A identificação das mutações responsáveis pela CMH
leva a importante armamento diagnóstico. O presente diagnóstico é feito pelo ecocardiograma mostrando HVE, porém
isso não é evidente em muitos casos até a puberdade. No
entanto, é possível um diagnóstico genético antes ou em
qualquer tempo após o nascimento, o que requer uma simples coleta de sangue. O diagnóstico genético é importante
também nos casos em que a CMH é desenvolvida tardiamente devido a mutações associadas à baixa penetrância e
naqueles com hipertrofia decorrente de hipertensão arterial
em indivíduos jovens, indistinguível clinicamente. O teste
genético identifica os doentes de risco para desenvolver a
doença antes e independente da presença de sintomas ou
do desenvolvimento da hipertrofia. O teste fornece também
informações prognósticas, particularmente o risco de MS.

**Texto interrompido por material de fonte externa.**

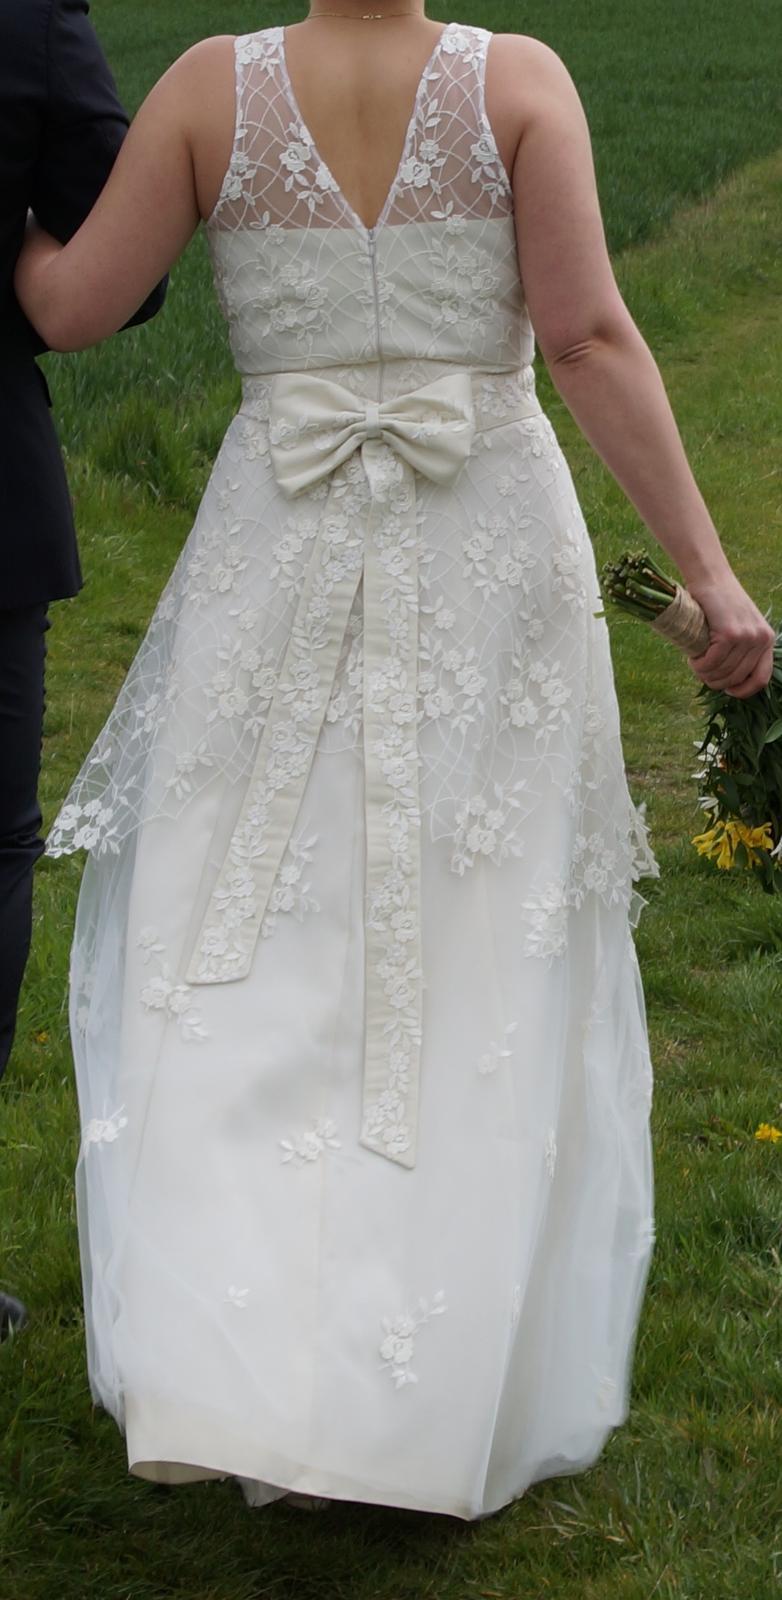 Ručně šité, 1x nošené svatební šaty, postava 170cm - Obrázek č. 3
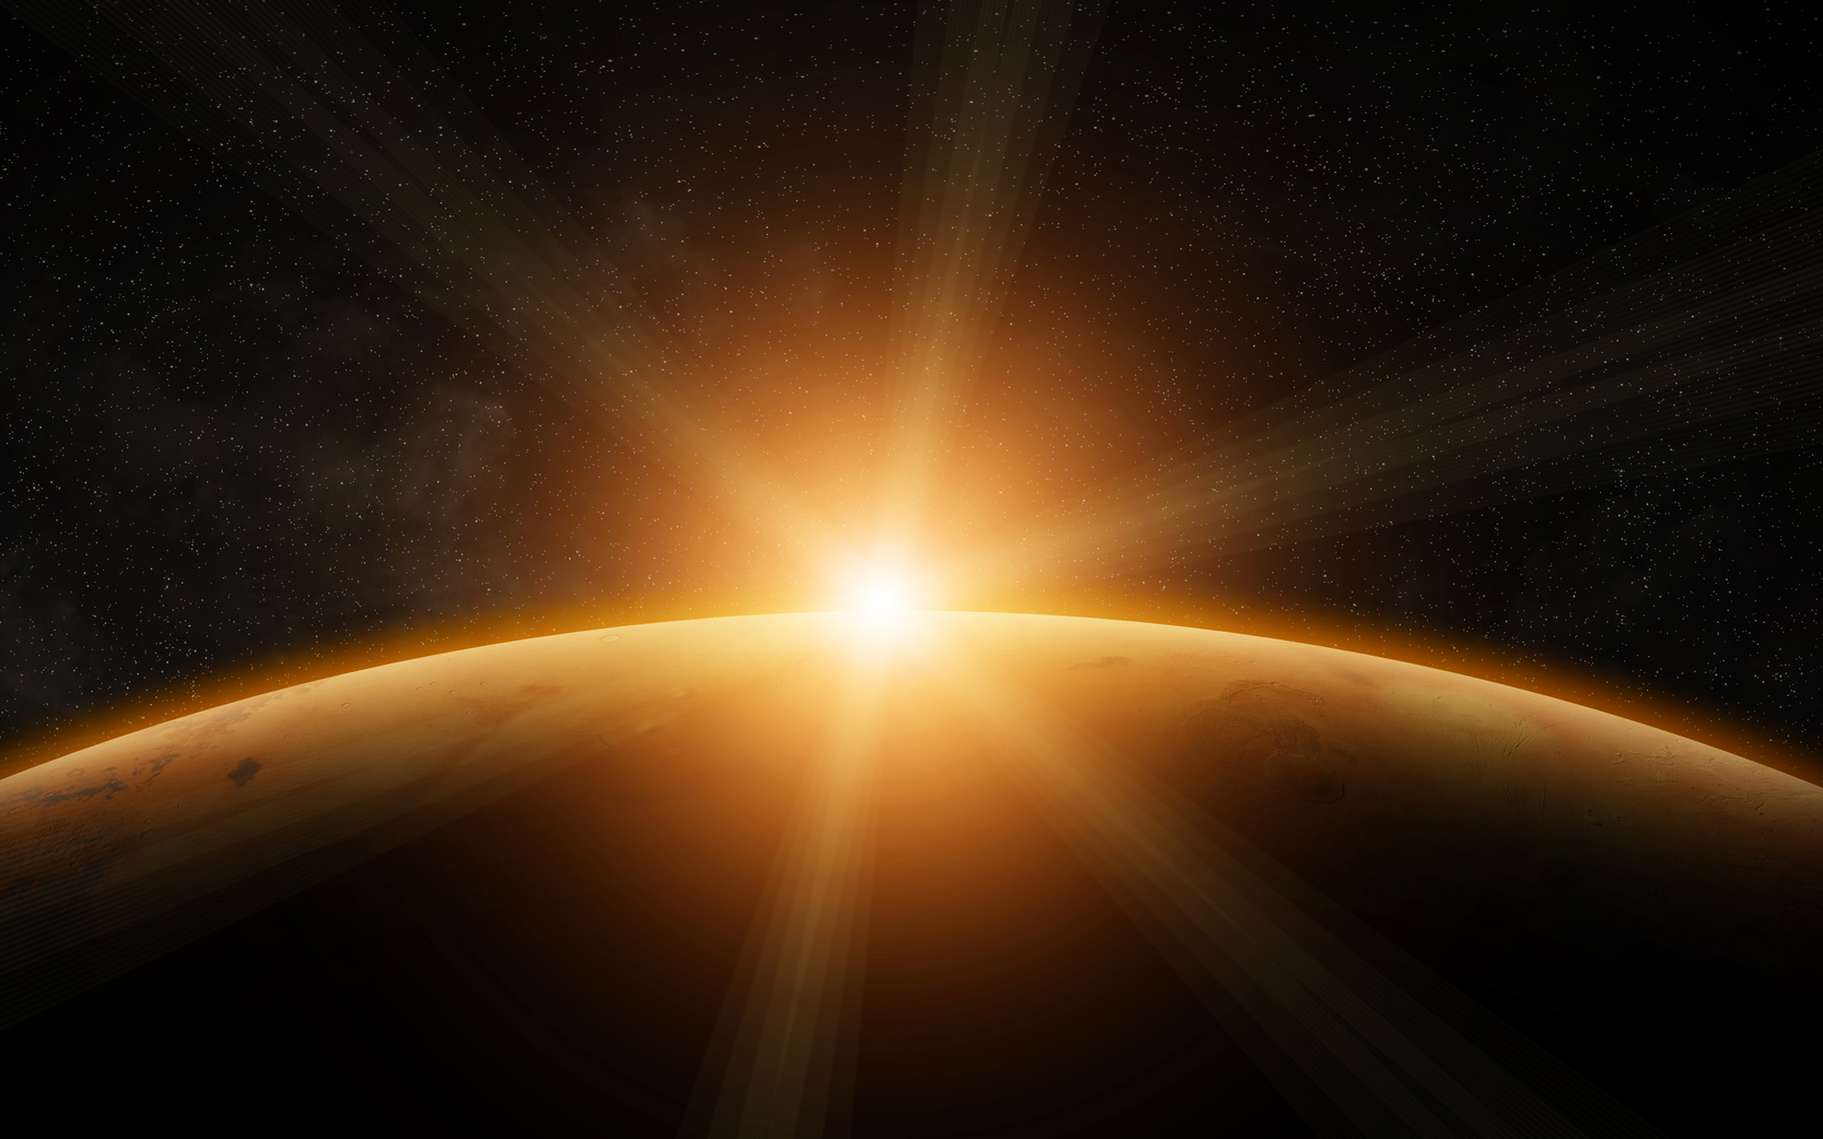 Quelles seront les futures missions spatiales entre 2035 et 2050 ? Aidez l'ESA à les choisir. © sdecoret, fotolia

A necessidade de se determinar um indivíduo de alto risco
do subseqüente desenvolvimento de CMH e possível MS é
maior em crianças, antes do aparecimento da hipertrofia. A
habilidade para identificar e separar indivíduos com mutações de alto risco, daqueles sem mutação e, portanto, sem
risco de desenvolver a doença, fornece informações adicionais que suplementariam a habilidade clínica para tratar esses doentes. A indicação de intervenções como o implante
de desfibrilador deveria ser decidida após estratificação de
risco baseado na clínica e na genética. Portanto, os testes
genéticos de membros de famílias afetados com CMH determinam quem é normal e quem provavelmente vai desenvolver a doença, assim como fornece dados prognósticos
importantes para as crianças e indivíduos assintomáticos.
Por enquanto, a determinação genética é experimental
e realizada em poucos centros mundiais, além de ser procedimento de custo elevado. À medida que se tornar viável
trará vantagens para esses pacientes e suas respectivas famílias e alguns problemas, como por exemplo, o que fazer com
um indivíduo que é portador de uma mutação maligna, porém
assintomático e que poderá ter como primeiro sintoma a MS?
O que fazer com a criança portadora de CMH diagnosticada
geneticamente e que ainda não tem hipertrofia?
Estas e outras dúvidas deverão ser solucionadas no
decorrer do tempo. Por enquanto, novos genes e novas
mutações estão sendo descobertos a cada dia, ajudando a
elucidar a etiologia de uma doença que, até pouco tempo,
não era conhecida e que leva indivíduos jovens à morte.